Returntype : list of Bio::EnsEMBL::Mapper::Coordinate and/or Gap objects
Exceptions : none
Caller : map_coordinates()
fastmap
Arg 1 string $id
id of 'source' sequence
Arg 2 int $start
start coordinate of 'source' sequence
Arg 3 int $end
end coordinate of 'source' sequence
Arg 4 int $strand
raw contig orientation (+/- 1)
Arg 5 int $type
nature of transform - gives the type of
coordinates to be transformed *from*
Function inferior map method. Will only do ungapped unsplit mapping.
Will return id, start, end strand in a list.

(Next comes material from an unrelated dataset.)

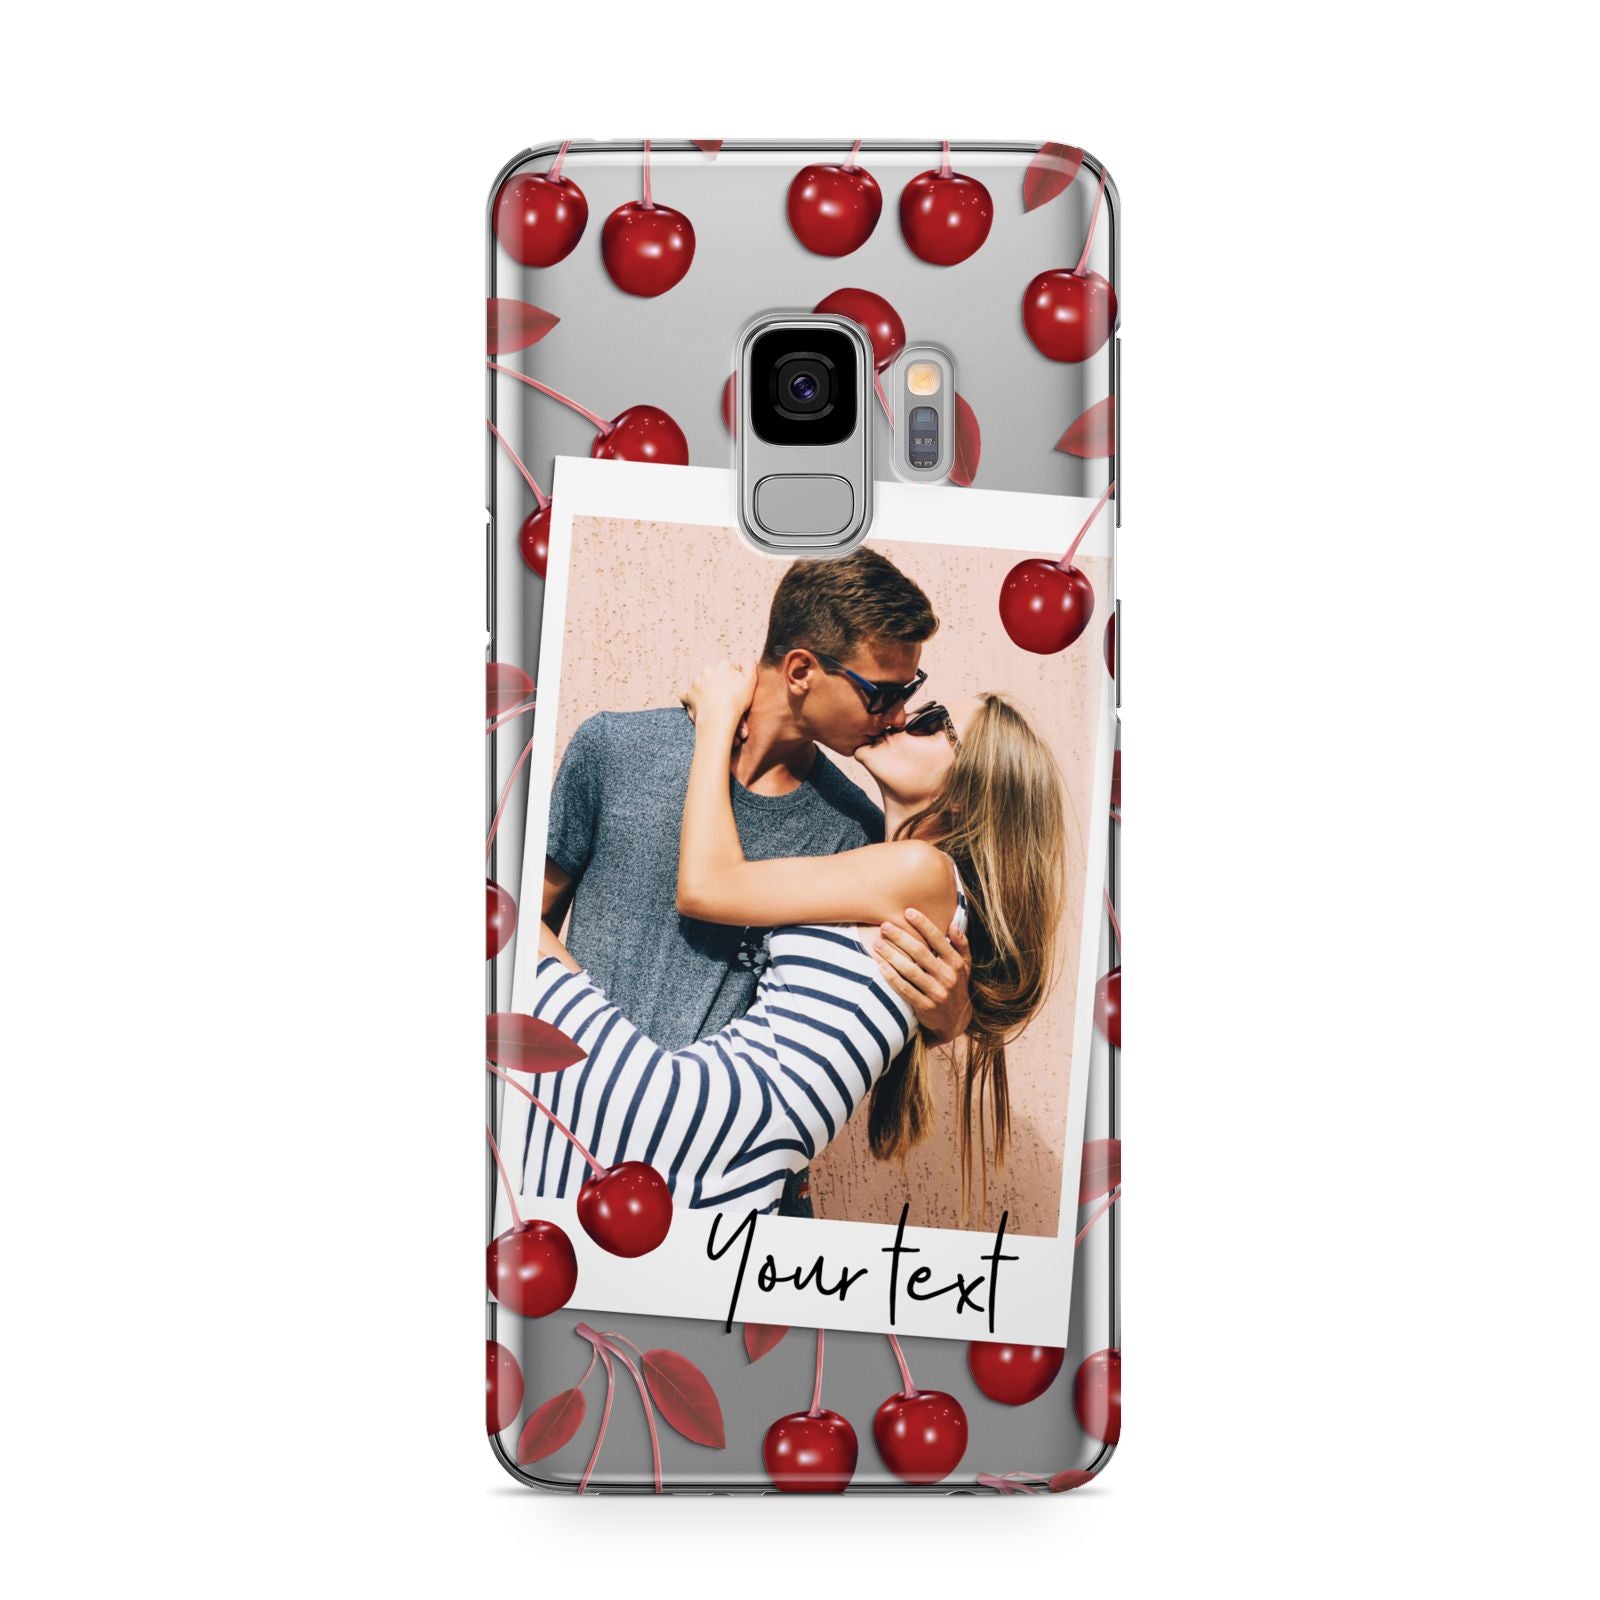 Personalised Photo Cherry Samsung Galaxy S9 Case

Returntype list of results
Exceptions none
Caller Bio::EnsEMBL::AssemblyMapper
add_map_coordinates
Arg 1 int $id
id of 'source' sequence
Arg 2 int $start
start coordinate of 'source' sequence
Arg 3 int $end
end coordinate of 'source' sequence
Arg 4 int $strand
relative orientation of source and target (+/- 1)
Arg 5 int $id
id of 'target' sequence
Arg 6 int $start
start coordinate of 'target' sequence
Arg 7 int $end
end coordinate of 'target' sequence
Function Stores details of mapping between
'source' and 'target' regions.
Returntype none
Exceptions none
Caller Bio::EnsEMBL::Mapper
add_indel_coordinates
Arg 1 int $id
id of 'source' sequence
Arg 2 int $start
start coordinate of 'source' sequence
Arg 3 int $end
end coordinate of 'source' sequence
Arg 4 int $strand
relative orientation of source and target (+/- 1)
Arg 5 int $id
id of 'targe' sequence
Arg 6 int $start
start coordinate of 'targe' sequence
Arg 7 int $end
end coordinate of 'targe' sequence
Function stores details of mapping between two regions:
'source' and 'target'. Returns 1 if the pair was added, 0 if it
was already in. Used when adding an indel
Returntype int 0,1
Exceptions none
Caller Bio::EnsEMBL::Mapper
map_indel
Arg [1] : string $id
Arg [2] : int $start - start coord. Since this is an indel should always
be one greater than end.
Arg [3] : int $end - end coord. Since this is an indel should always
be one less than start.
Arg [4] : int $strand (0, 1, -1)
Arg [5] : string $type - the coordinate system name the coords are from.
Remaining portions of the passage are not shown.